Quand, dans un siècle, les historiens feront l’inventaire des changements induits par l’avènement de la société digitale, ils ne manqueront pas de relever un phénomène que nous ressentons déjà intuitivement mais qui échappe encore largement à l’entendement: la contraction du temps. Un peu comme si la ligne qui va du passé au futur s’était subitement racrapotée en un point de fusion symbolisant un présent absolu, totalitaire, absorbant dans son trou noir tout ce qui le précède et le suit.

La surstimulation technologiquement assistée, qui étouffe le cerveau en l’obligeant à une veille permanente, est probablement la cause principale de cet enfermement dans la capsule de l’instant immédiat. A l’exception des vacances, et encore, uniquement si l’on se trouve dans une zone blanche (sans wifi), l’homme moderne est constamment connecté au magma numérique, dont l’effet de sidération, par la quantité comme par la teneur élevée en cholestérol émotionnel, dépasse de loin la capacité d’absorption de la raison humaine, la condamnant de fait à la servitude perpétuelle. Un peu comme si Goliath avait terrassé David et en avait fait un esclave, mais que ce dernier s’obstinait à prétendre qu’il maîtrise la situation…

L’alibi professionnel qui sert souvent à justifier cette dépendance volontaire, de jour comme de nuit, relèverait dans un autre domaine moins socialement et commercialement porteur de l’addiction pathologique pure et simple. Ou de l’état d’urgence. Car comme l’explique le philosophe Maurizio Ferraris, auteur de Mobilisation totale. L’appel du portable (éditions PUF), nous sommes entrés dans l’ère de « la militarisation de la vie civile« . L’intensité et l’omniprésence du virtuel dans nos vies font de nous des mobilisés comme peuvent l’être des soldats sur le pied de guerre. Le smartphone et la tablette sont nos armes et la Toile un champ de bataille. 24h sur 24, sept jours sur sept, nous répondons aux ordres ou nous en donnons à coups d’e-mails, de posts, de commentaires ou de photos. Les origines militaires du Web comme du portable (le téléphone rouge qui reliait le président américain à son homologue soviétique en cas de menace nucléaire) apparaissent avec le recul comme prophétiques, voire prémonitoires de l’usage actuel.

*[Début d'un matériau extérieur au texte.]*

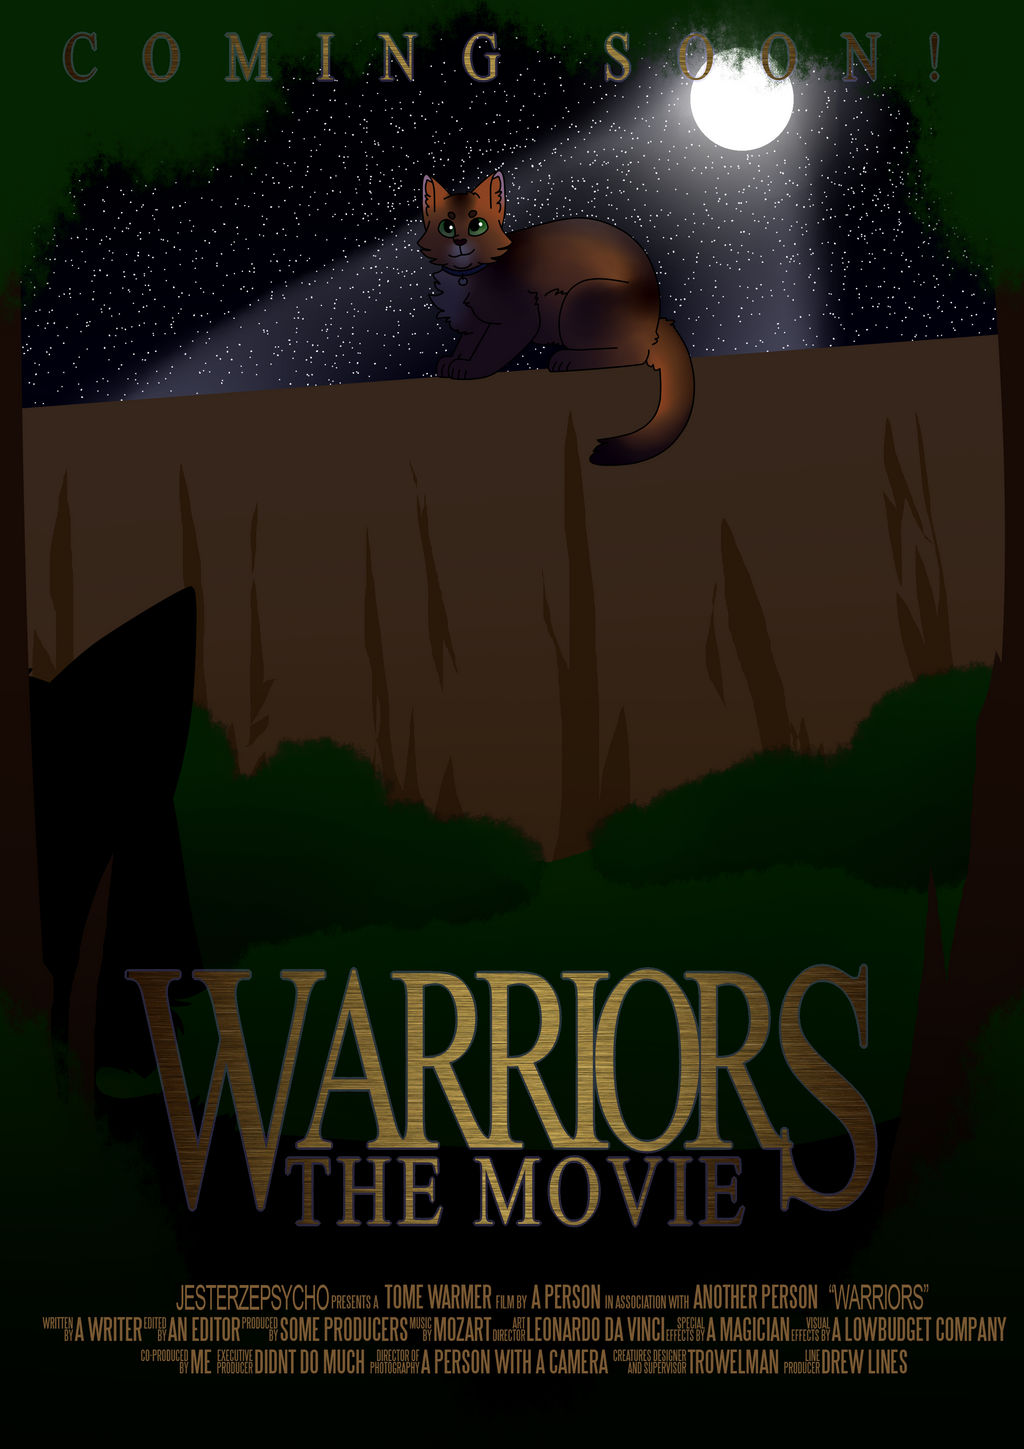 Movie Warrior Cats
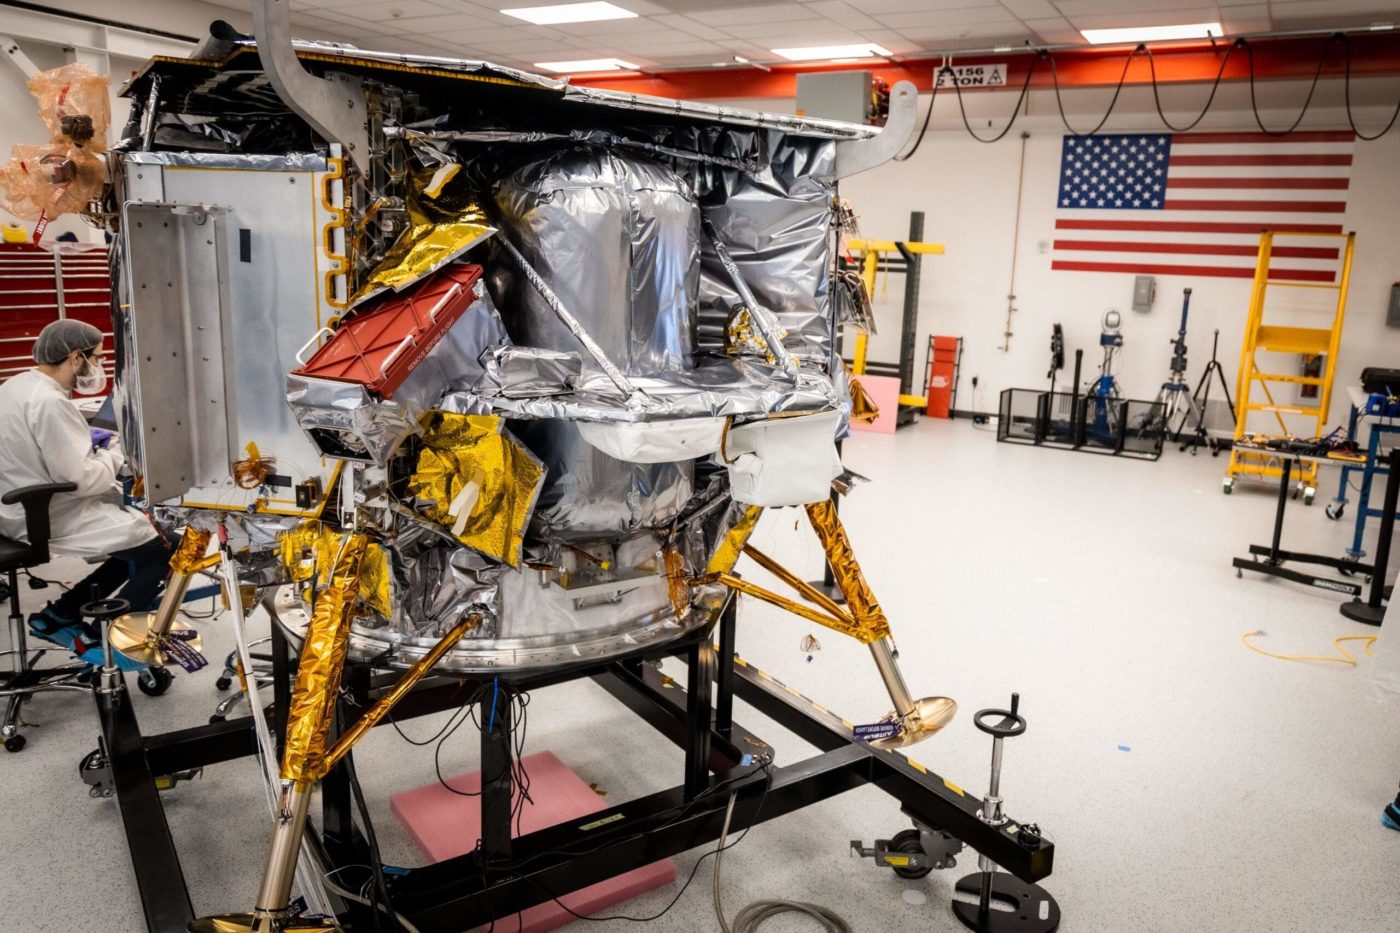 НАСА объявило новое место посадки на Луну посадочного модуля Peregrine

Résultat: le présent est devenu une sorte de prison dans laquelle nous nous sommes volontairement enfermés avant de jeter la clé par la fenêtre. Avec quelles conséquences? Difficile à dire avec exactitude. L’augmentation en flèche des cas de burn-out en est sans doute une. Comme l’engorgement instantané de la mémoire, qui doit être purgée en permanence pour faire de la place au flot de nouvelles informations. Du coup, notre mémoire active ressemble à une passoire et notre mémoire de stockage à un disque dur dans un data center. De l’extérieur on dirait une armoire. Pour réveiller les sensations et images qu’elle contient, il faut déjà savoir où chercher dans la masse de données amassées en vrac. Et de toute façon, on n’a que peu de temps à consacrer à ce qui a déjà été écrit, l’urgence c’est maintenant.

Dans ce contexte, on ne s’étonnera pas d’avoir la mémoire qui flanche. Comble du cynisme, c’est Facebook qui nous le rappelle à travers une campagne de soutien dans la lutte contre… la maladie d’Alzheimer qui consiste à exhumer des photos publiées en son temps. Pas il y a 20 ans, non, il y a quelques années à peine. Bien assez pour se rendre compte qu’on a déjà tout oublié. La symbolique est claire: la société numérique nous a tous rendus amnésiques…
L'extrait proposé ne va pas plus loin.